With RPPA assays "you don't need to do prefractionation steps, and with good quality antibodies you can detect very low abundant proteins," he said. "And if you do dilution curves you can get pretty wide dynamic range and make these assays pretty quantitative."
The facility also plans to purchase liquid handling equipment to automate the RPPA process, Edwards said, "because our goal is to do large clinical translational studies. So an investigator will be able to handle 300, 400, even 1,000 tumor samples if they need to."
The BCM facility will be part of the school's new Alkek Center for Molecular Discovery and will apply proteomics and metabolomics to the study of multiprotein complexes with a particular focus on studying cancer drug resistance, Edwards said.
He added that, while the first year of the grant will go primarily toward equipment purchases, the following four years would provide roughly a million dollars per year to support the efforts of individual cancer researchers at BCM.
"We've identified 45 cancer investigators [who] said they had a need for these kinds of proteomic and metabolomic projects, and the [CPRIT grant] is going to provide much of the funding for these investigators to do their research," he said. "We're going to have an internal request for applications from these investigators, and they will submit their projects, and there's a committee of senior faculty who will decide how to distribute the funds."
Given its CPRIT funding, the UT Southwestern facility will similarly have a cancer focus, with research interest divided more or less equally between investigations of basic cancer biology and cancer biomarker work, Mirzaei said.
The Baylor –omics lab will also pursue cancer biomarker research, with markers in non-invasive samples like saliva being of particular interest, said Solouki.
All three facilities will serve investigators studying other diseases as well, the scientists said.

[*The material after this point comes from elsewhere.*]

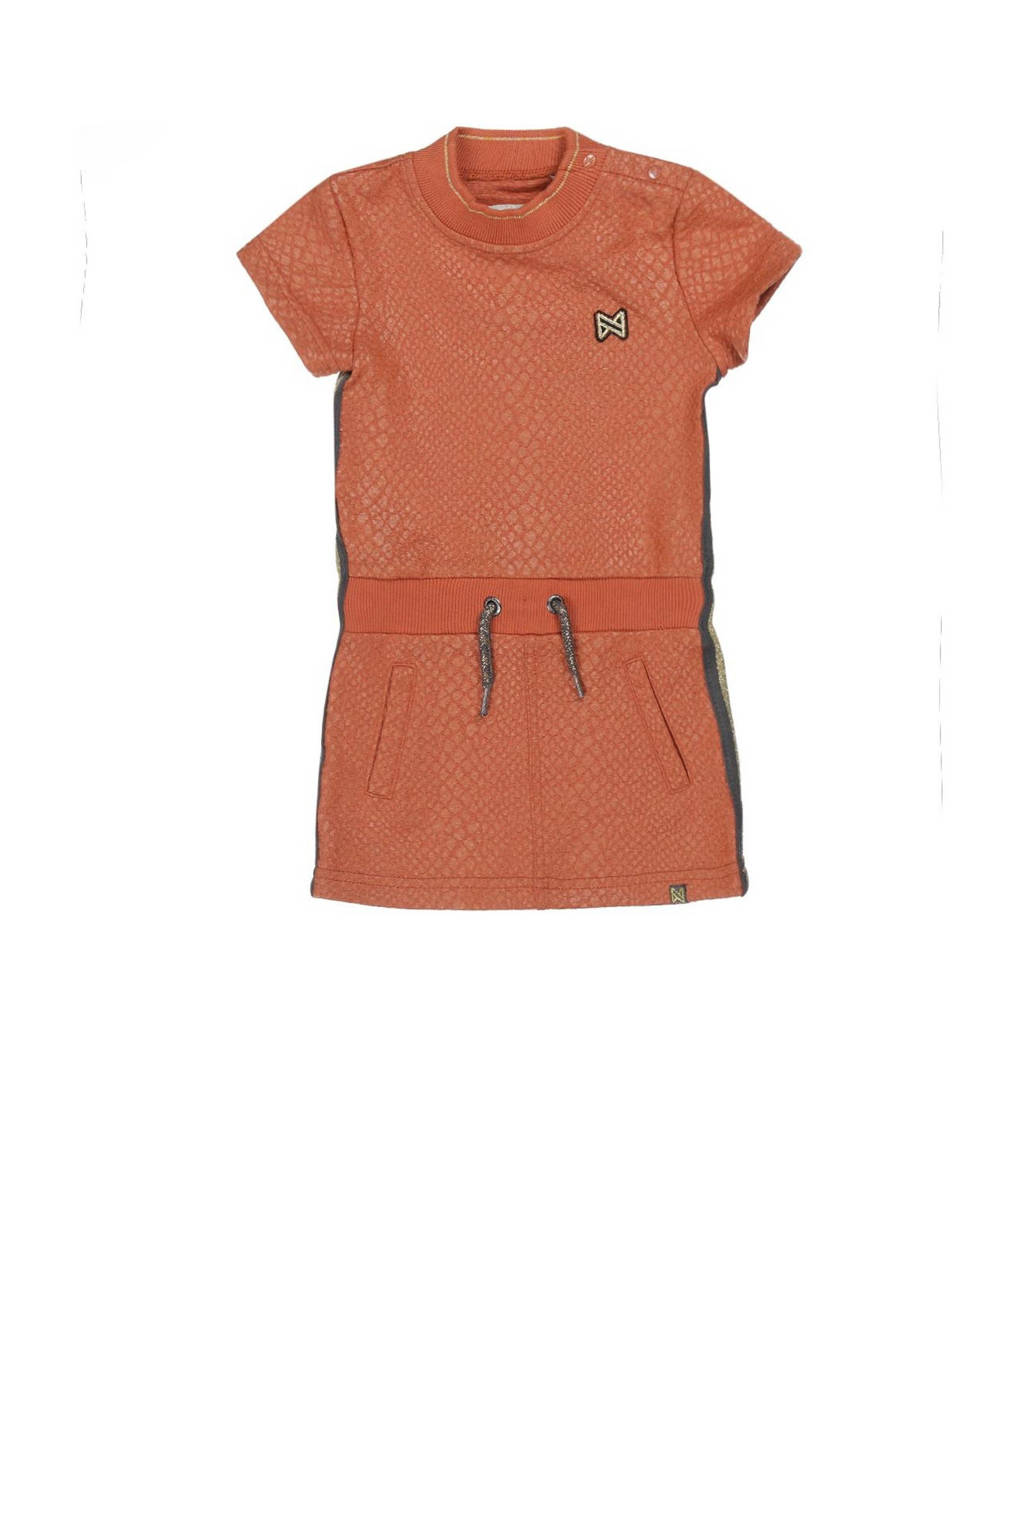 Oranje meisjes Koko Noko jurk van polyester met slangenprint, korte mouwen, ronde hals en geribde boorden

Establishment of the UT Southwestern facility, Mirzaei noted, was driven by growing demand for proteomics tools by the school's researchers that made a devoted proteomics center desirable.
Proteomics had been housed with the institution's Protein Technology Center, "but proteomics has outgrown" that center, he said.
Edwards likewise noted strong demand for proteomics tools among BCM scientists.
"We did a survey of Baylor investigators before submitting this grant, and there are so many investigators that have a need to use one of these – either metabolomics, RPPA, or mass spec-based proteomics – that we'll be 100 percent busy," he said.